Booderee, in the Dhurga language of the region, means 'bay of plenty'. The name was chosen by the Wreck Bay Aboriginal Community for the former Jervis Bay National Park and Jervis Bay Botanic Gardens following the handback of the area to the Aboriginal traditional owners.
The Wreck Bay people remain closely tied to their culture - they have vast experience in cultural interpretation and delight in guiding visitors around the botanic gardens and park, sharing stories of their ancestors and their way of life.
Booderee is a Koori owned place.
It holds the evidence of the traditional owners' ancestry, and with the wind, the water and all life reflected in the past, it is the home and spirit of the Wreck Bay people.
Koori people are born of the land and have lived off the land forever.

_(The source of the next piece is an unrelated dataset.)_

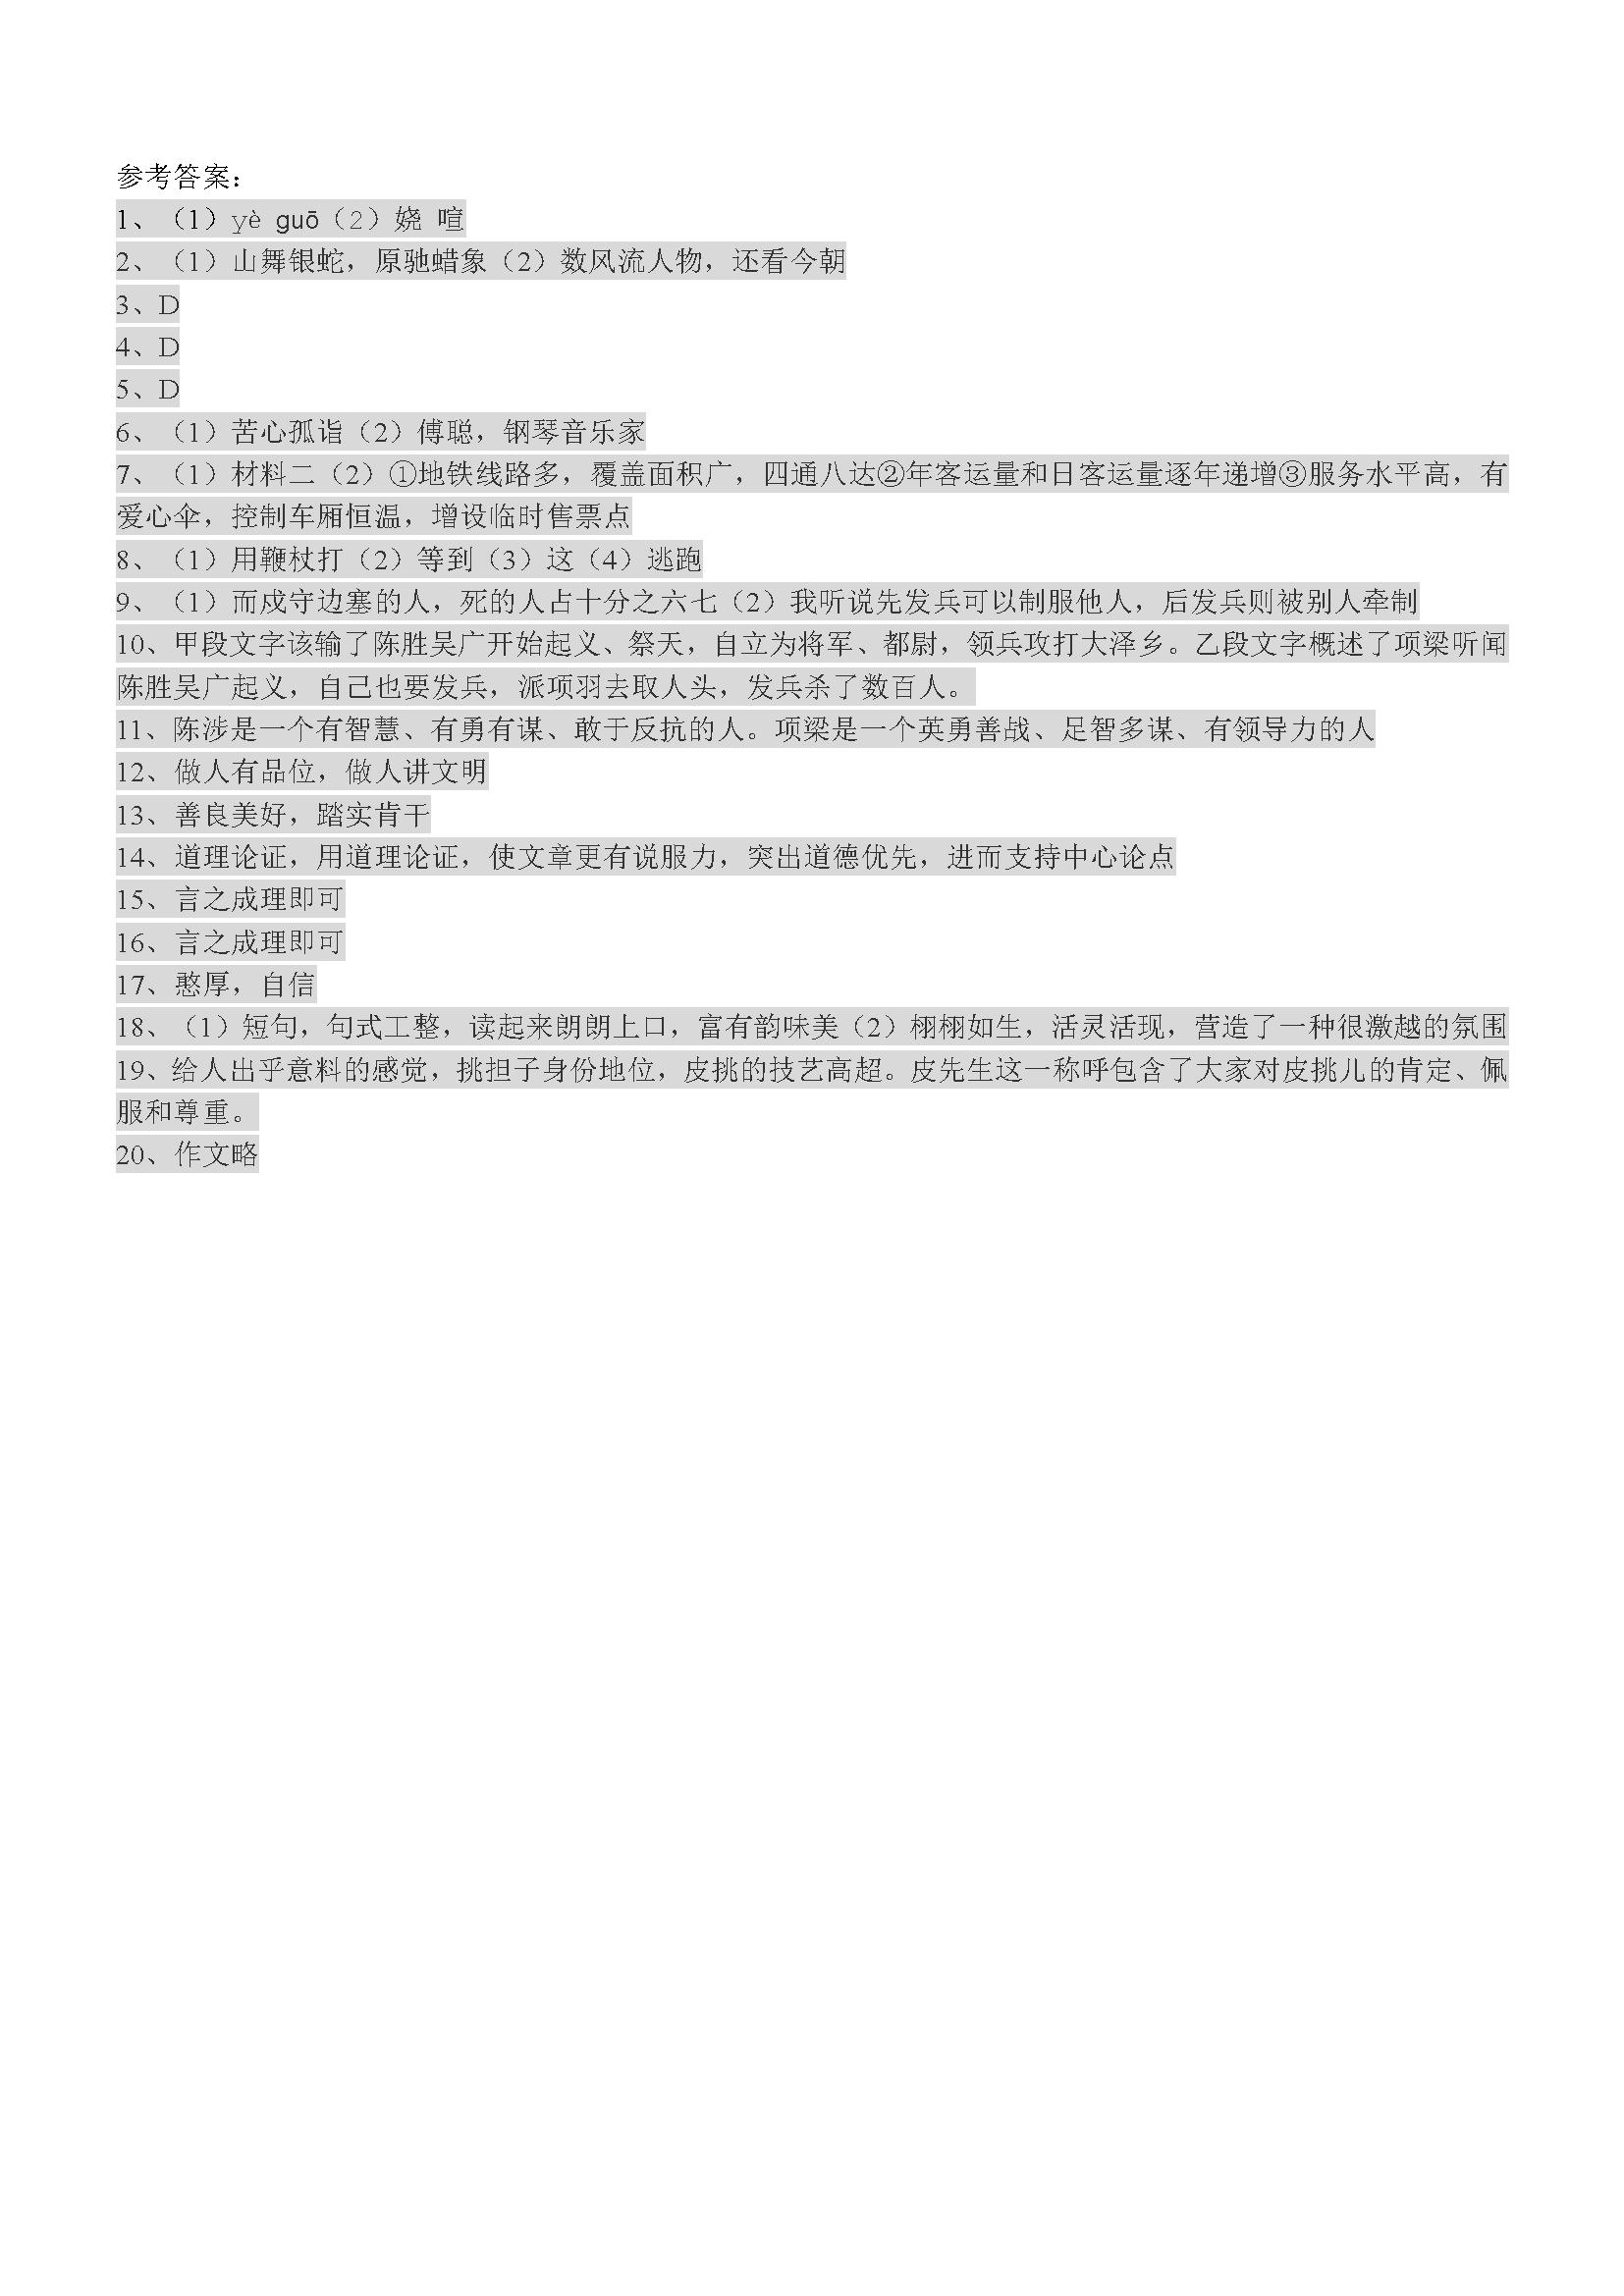 北京顺义国际学校2017-2018九年级第一学期第一次月考语文试卷答案(Word版)
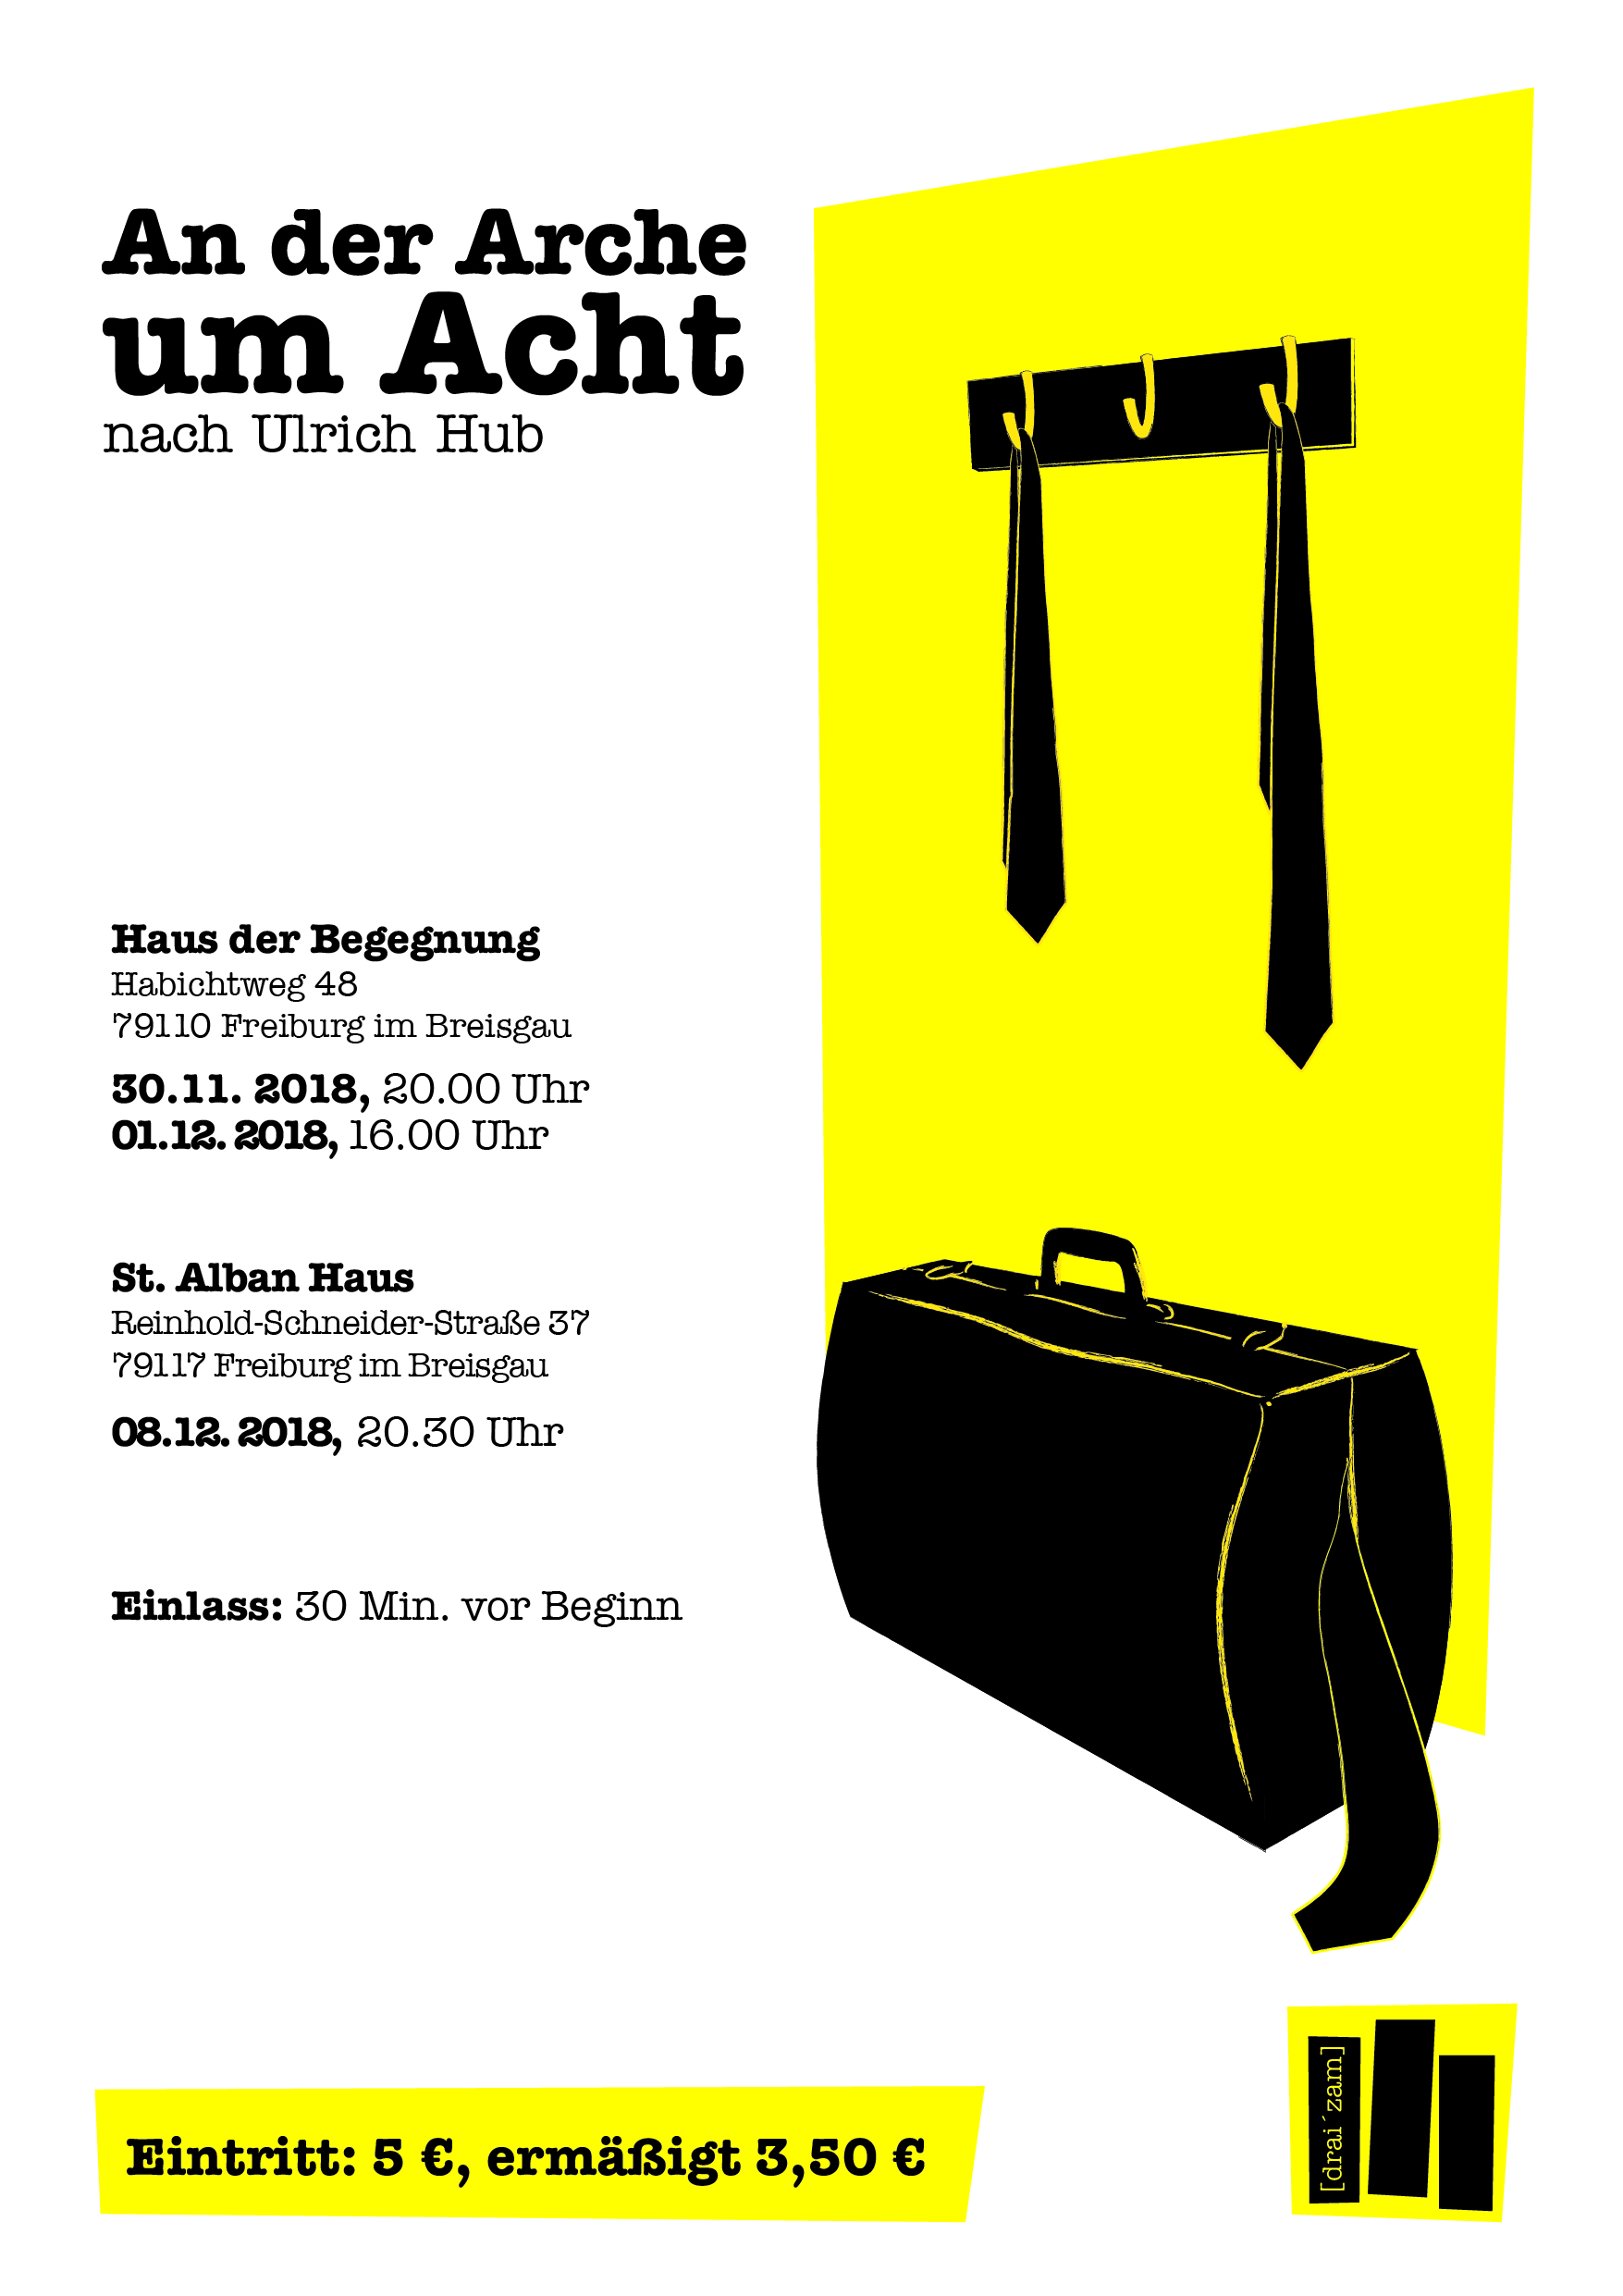 https://hdb-freiburg.de/wp-content/uploads/2018/11/3Zam_UmAcht_181107-01.jpg

More than 100 prehistoric Aboriginal sites have been recorded on the Bherwerre Peninsula, some probably dating back to the stabilisation of the sea level about 6,000 years ago. The majority are shell middens, but there are also rock shelters, burial sites, ceremonial grounds, stone-flaking sites and axe-sharpening grooves. The distribution of these recorded sites emphasises the importance of the eastern end of Wreck Bay. The high density of midden sites on the Bherwerre Peninsula mirrors the preferred fishing zones of the present community. Ceremonial bunan or bora grounds are known only from the immediate hinterland of this section of Wreck Bay, and nearly all known axe grinding groove sites are in the catchments of Mary and Summercloud bays.
Living off the land
Booderee is an area which forms part of a network of sites, places and landscapes (both on land and in the water) that have helped provide generations with the knowledge and understanding of how to properly manage and live with these lands and waters.
Aboriginal people established camps where food and water were abundant, hunting and gathering were bountiful. The main sources of bush foods were yams, berries and native animals such as kangaroos, possums and echidnas.
Seafood has always been a major part of their diet. Oysters, muttonfish (abalone), pipis and mussels were easily found, especially at low tide. Resources were so abundant that huge piles of shells (middens) accumulated. Fish catches also proved plentiful, as the Aboriginal people's only competition for these tasty morsels were the predators of the ocean. Net-fishing has played and still plays a major role in the lives of the people of Wreck Bay. The main fish caught are whiting, bream, salmon and tailor.
In 2010 the Wreck Bay community made Australian history, taking out an international award in the Virgin Holidays' Responsible Tourism Awards 2010. Today nearly 80 per cent of Booderee's staff and contractors are local Indigenous people, working in the park and helping visitors connect with their culture.